W majowym wydaniu magazynu wspominamy Lee Radziwiłł, która pozostawała zawsze w cieniu swojej starszej siostry, Jackie Kennedy-Onassis, rozmawiamy z Charlotte Gainsbourg, która spokój w życiu osobistym równoważy odważnymi decyzjami zawodowymi, a także podglądamy intensywne życie polskiej aktorki Agnieszki Grochowskiej.
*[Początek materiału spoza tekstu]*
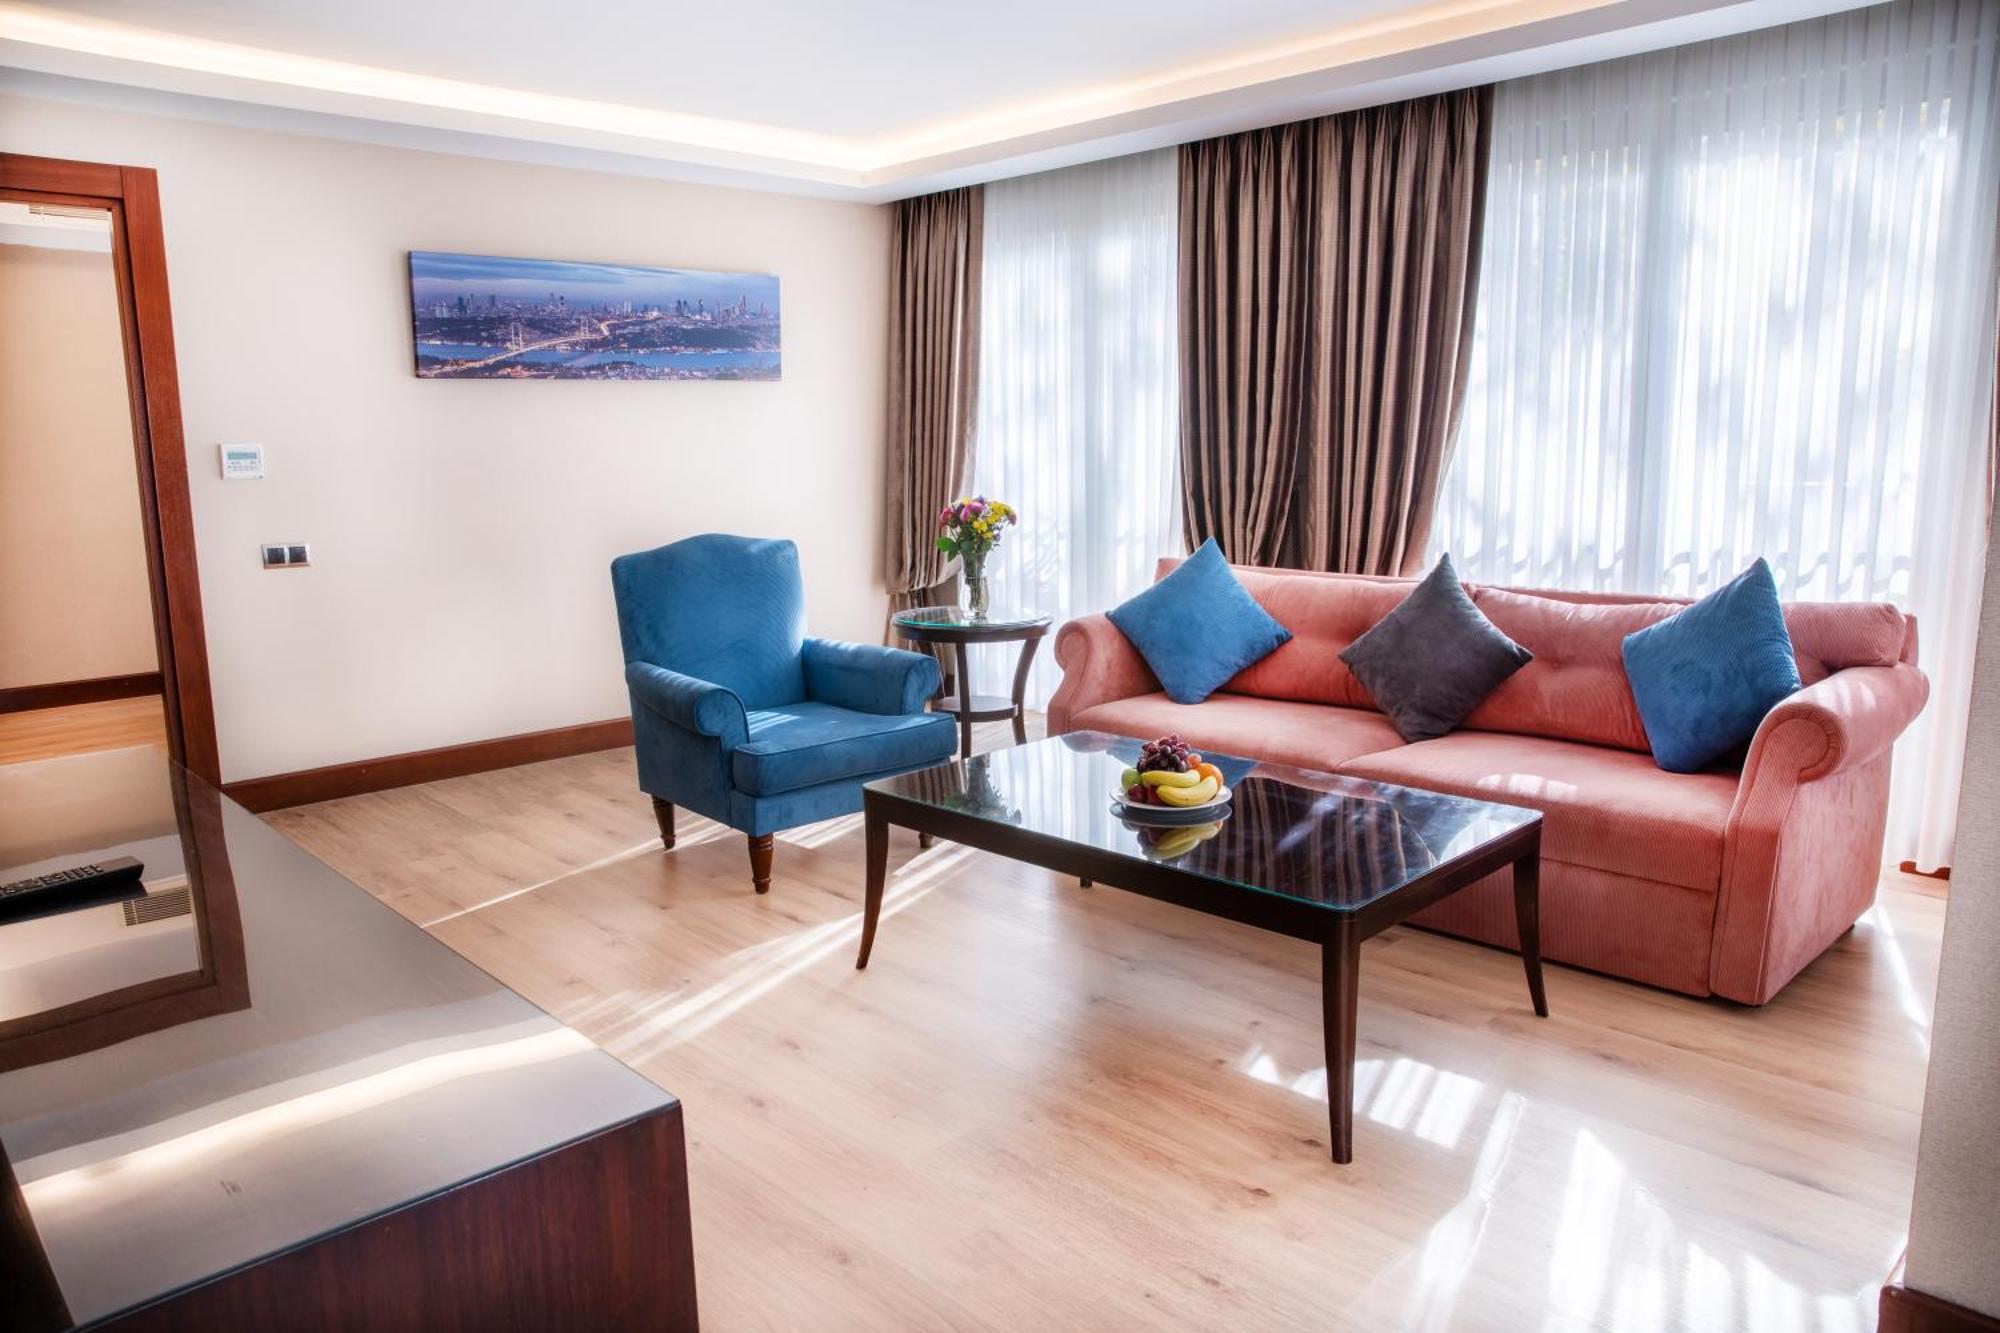 Grand Aras Hotel & Suites Istambul Exterior foto

– Świat byłby ciekawszy, gdyby artyści nie musieli uważać na każde słowo – mówi w rozmowie z Mają von Horn francuska ikona stylu Charlotte Gainsbourg. Piosenkarkę, autorkę tekstów, a także aktorkę w sesji okładkowej do majowego numeru „Vogue Polska” sfotografował Juergen Teller. Niemiecki fotograf powraca na łamy naszego magazynu po historycznej okładce pierwszego wydania polskiej edycji „Vogue’a”. Tym razem 47-letnią Gainsburg, która w życiu codziennym ucieka od skandali, sfotografował na ulicach Paryża.
Artystka od 28 lat tworzy szczęśliwy związek z francusko-izraelskim reżyserem i aktorem Yvanem Attalem, z którym ma trójkę dzieci. Zawodowo, idąc za przykładem swoich rodziców – legendy francuskiej piosenki Serge’a Gainsbourga i ikony stylu Jane Birkin – lubi kontrowersje. – Sztuka jest moim sposobem na nieśmiałość – mówi. Nie boi się szokujących ról, mogliśmy ją więc zobaczyć w kilku produkcjach skandalisty Larsa von Triera. Za rolę w „Antychryście”, w którym zagrała u boku Willema Dafoe, otrzymała Złotą Palmę w Cannes. Ostatnia współpraca z reżyserem przy filmie „Nimfomanka” wywołała ogromny skandal we Francji, porównywalny do tego, którego bohaterem mógłby być jej ojciec.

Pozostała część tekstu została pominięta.